**Required action:** Please write out the listing exactly, leaving each picture out.

**Dataset extract:**
★ ★ ★ ★
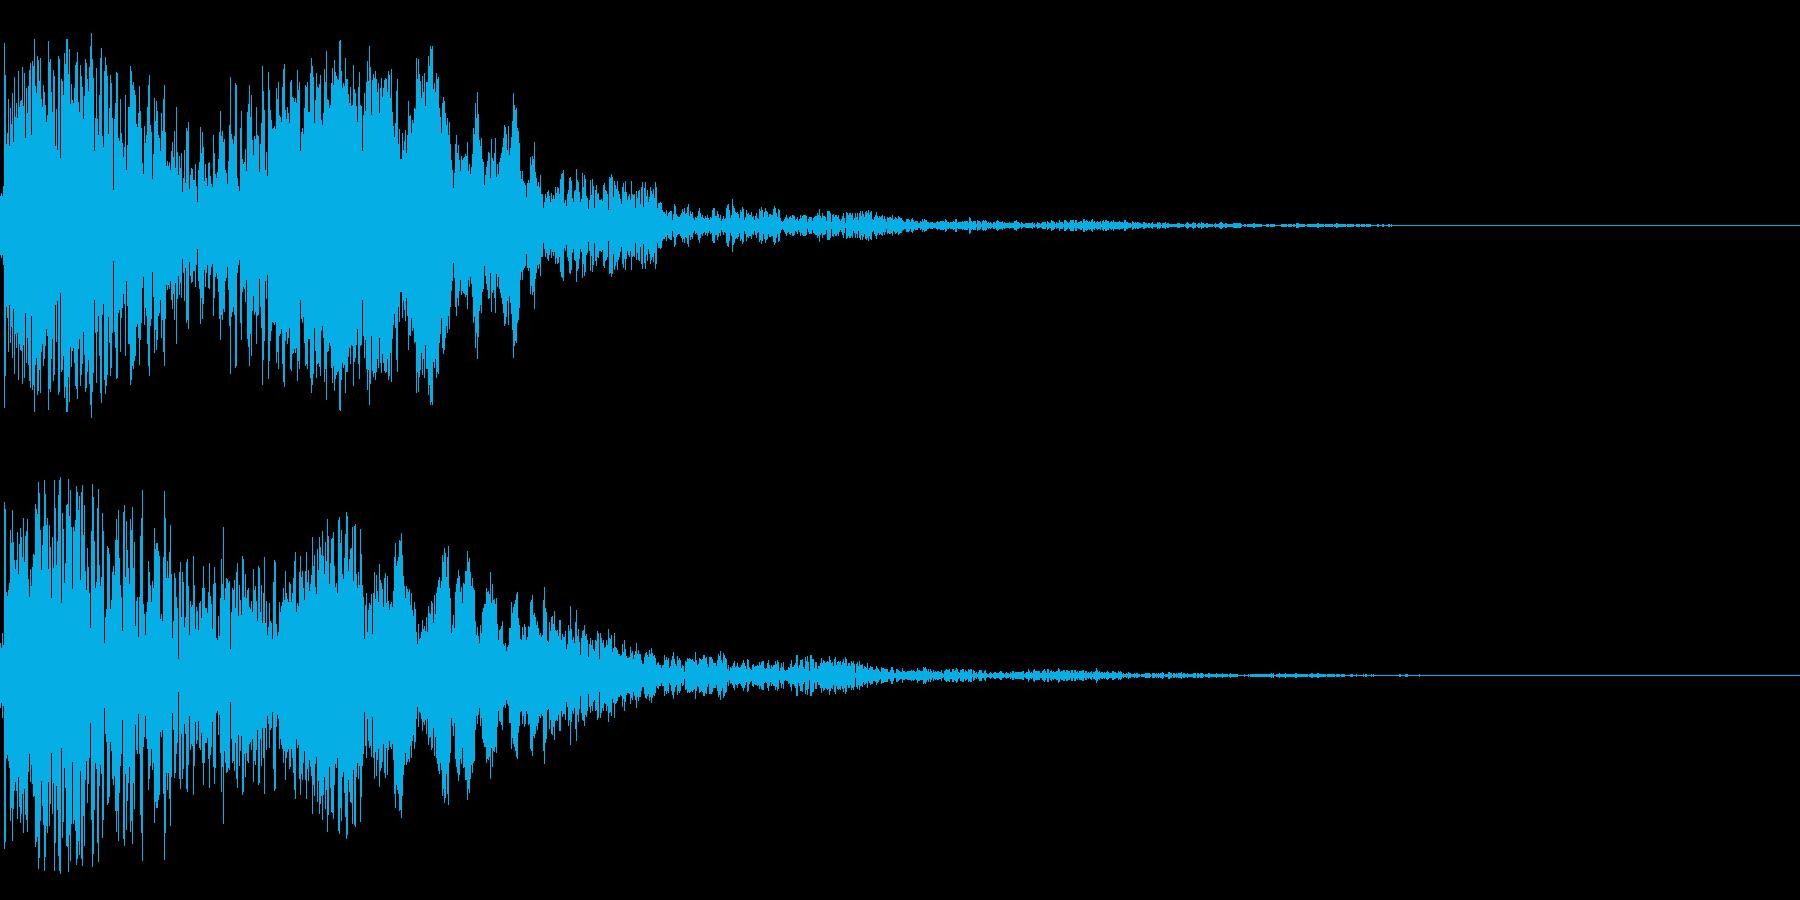 太鼓と尺八の和風インパクトジングル!10の再生済みの波形
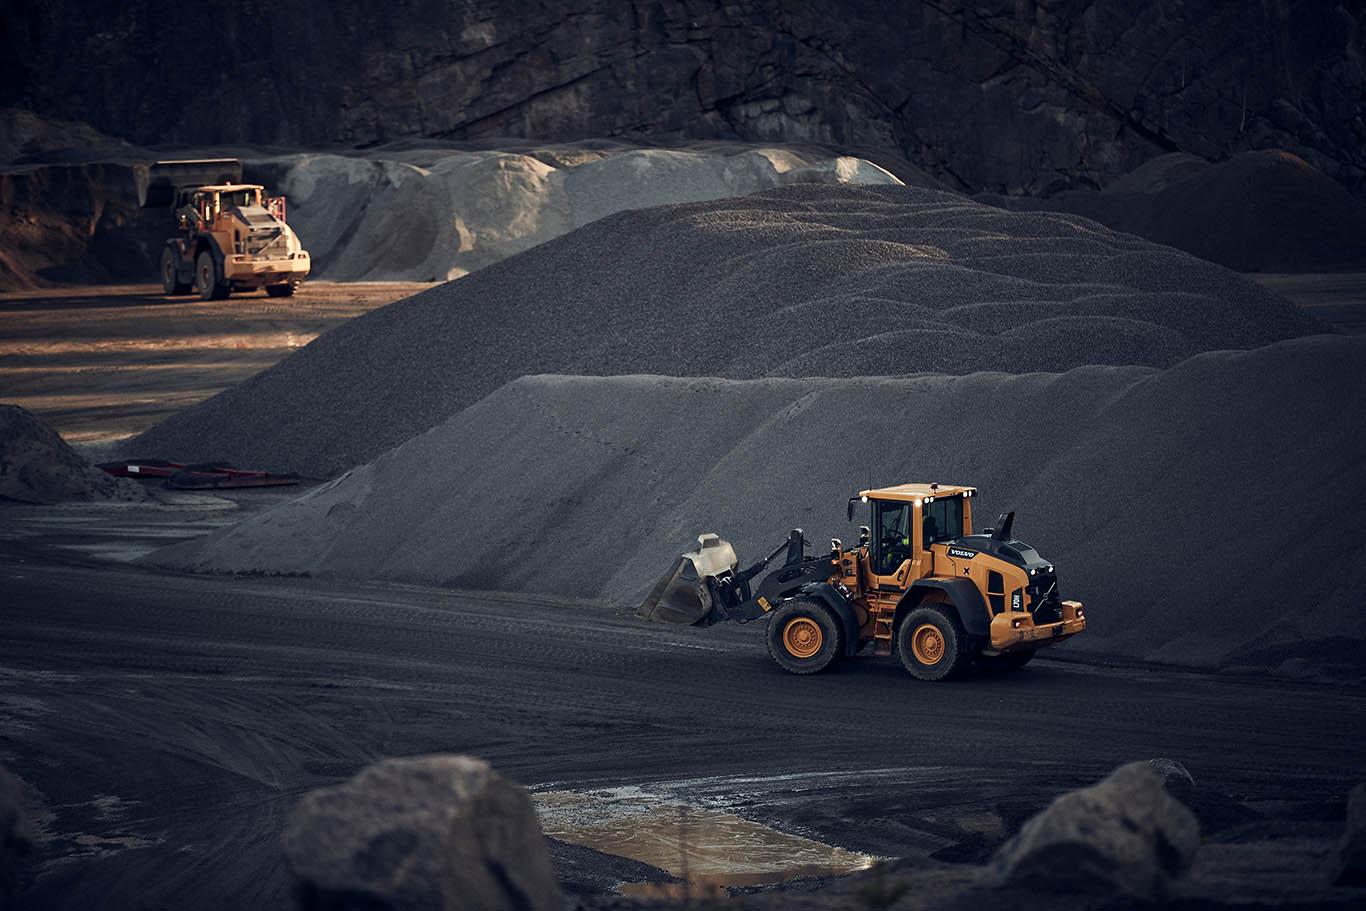 Två grävmaskiner i en bergtäckt
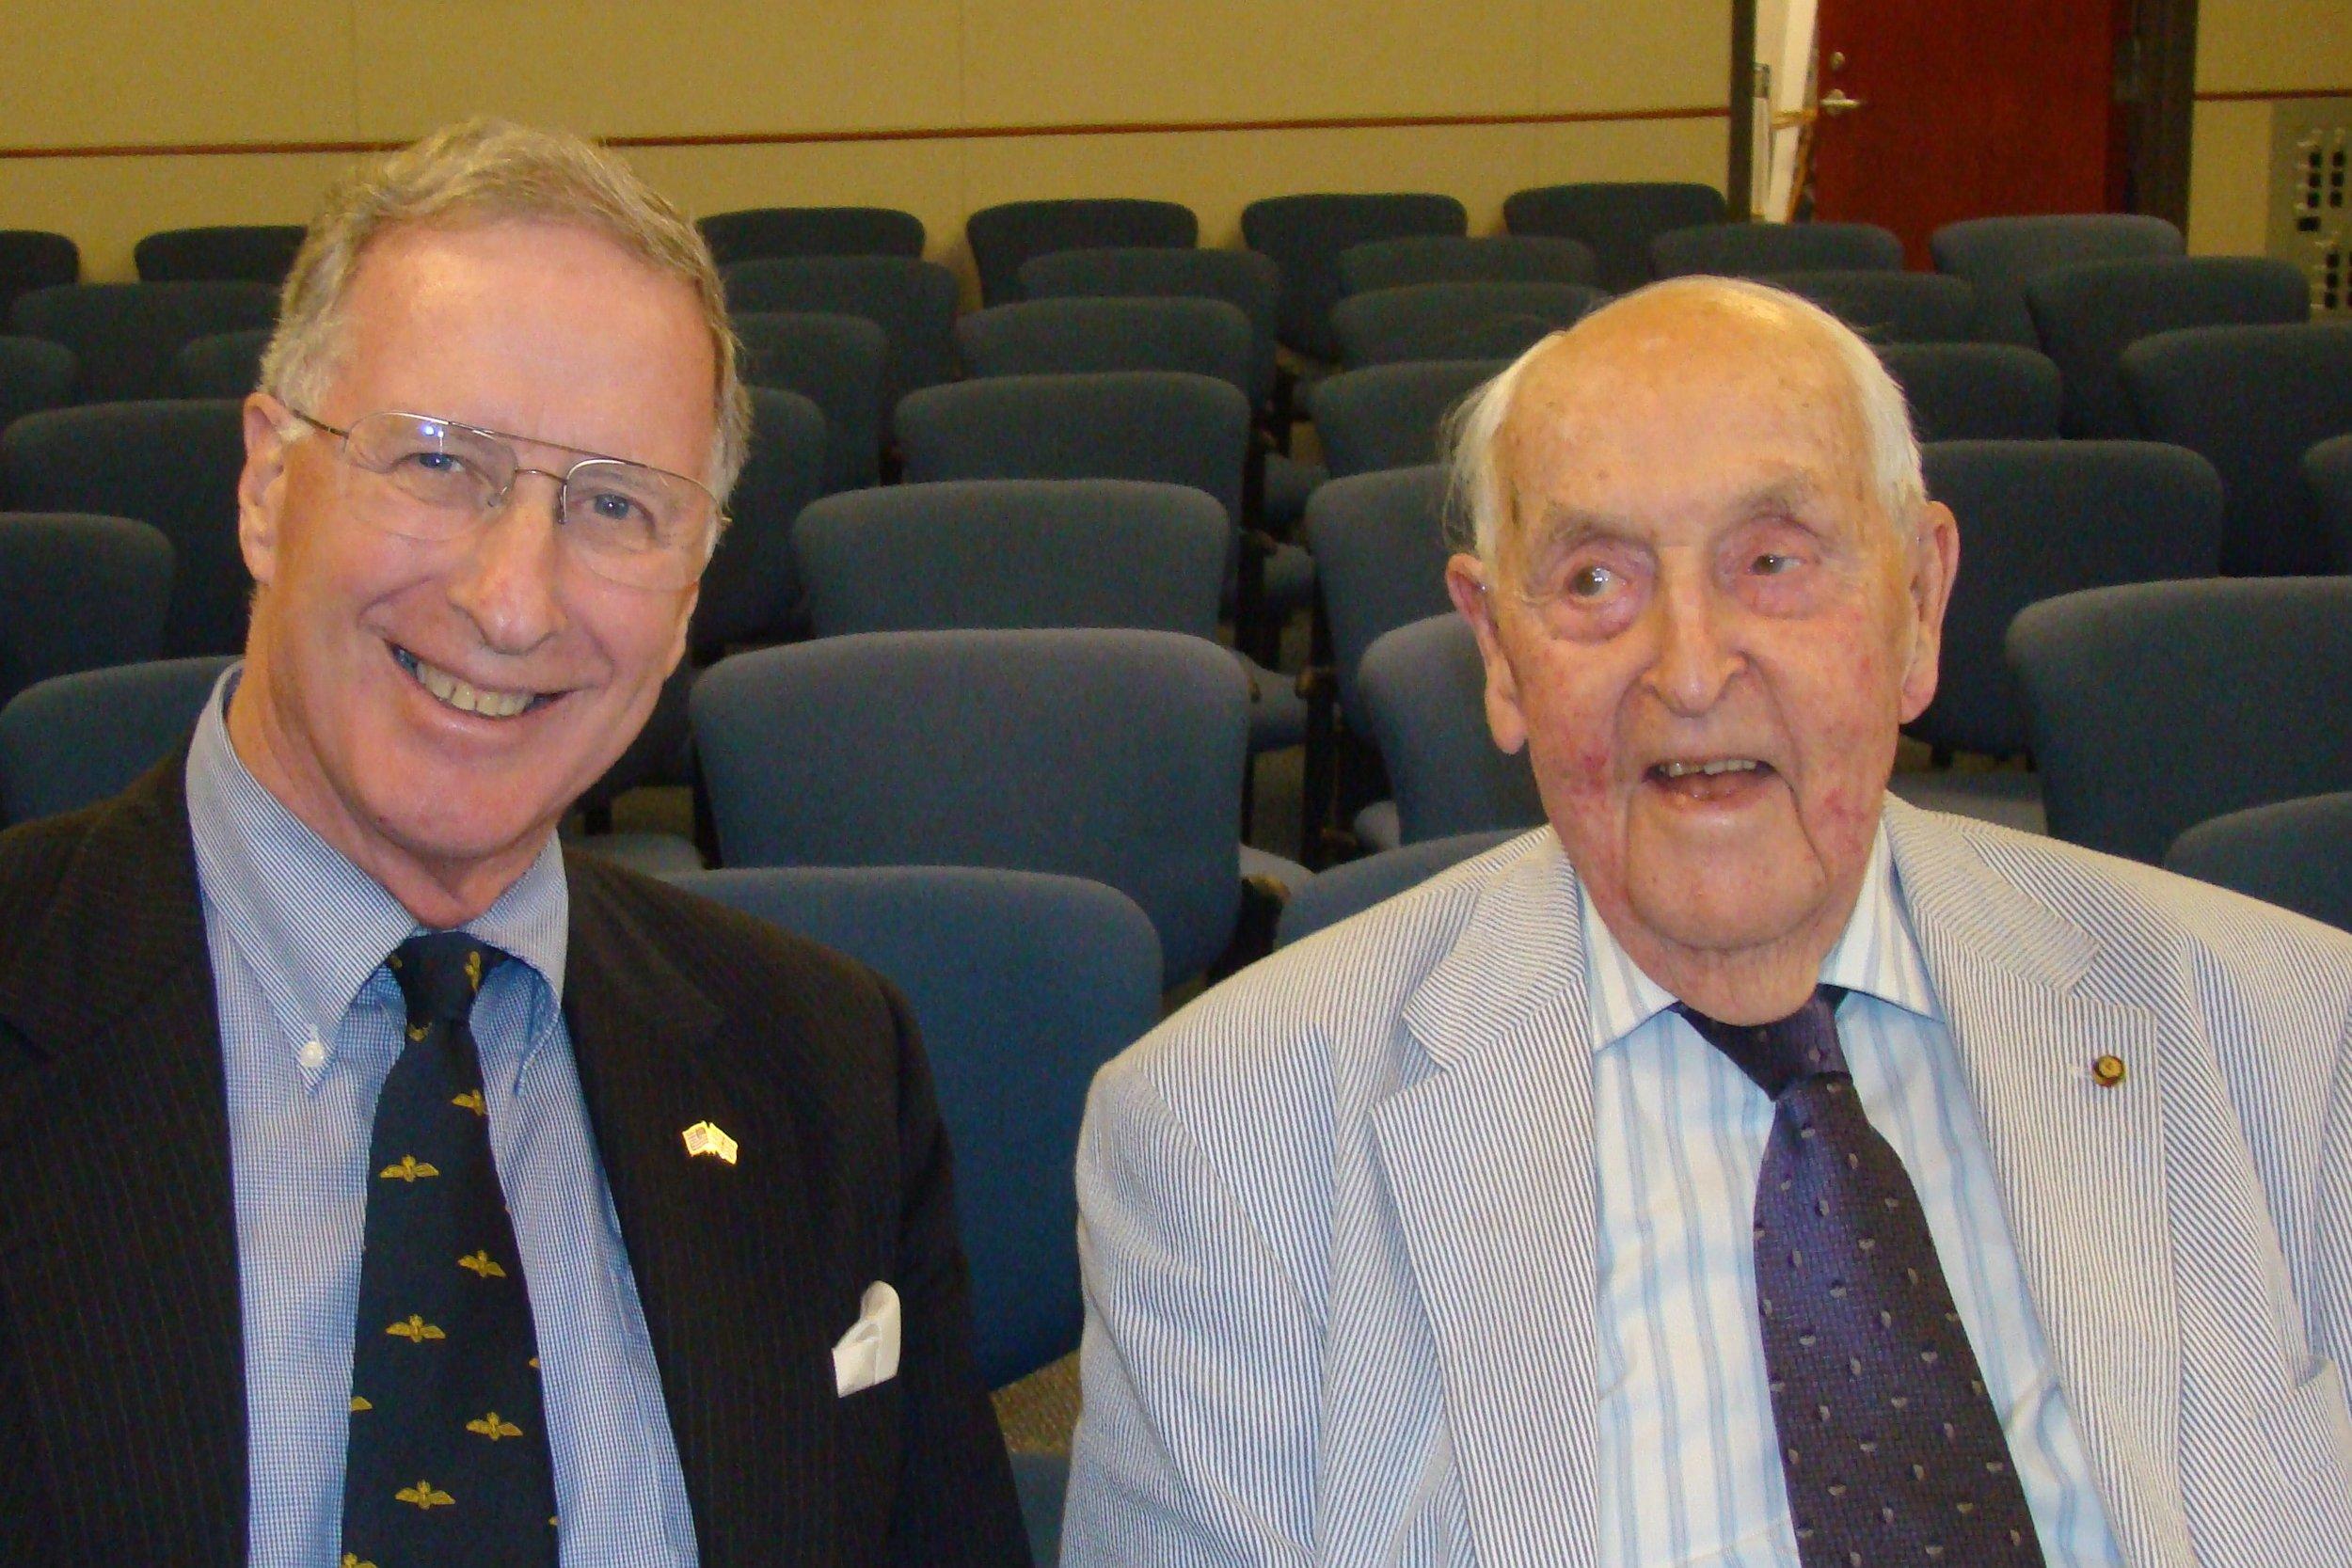 Colin Howgill & Sir Lenox, 27 Oct '11 - Copy.JPG
★ ★ ★ ★
**Response area:**
 太鼓と尺八の和風インパクトジングル!10の再生済みの波形
 Två grävmaskiner i en bergtäckt
 Colin Howgill & Sir Lenox, 27 Oct '11 - Copy.JPG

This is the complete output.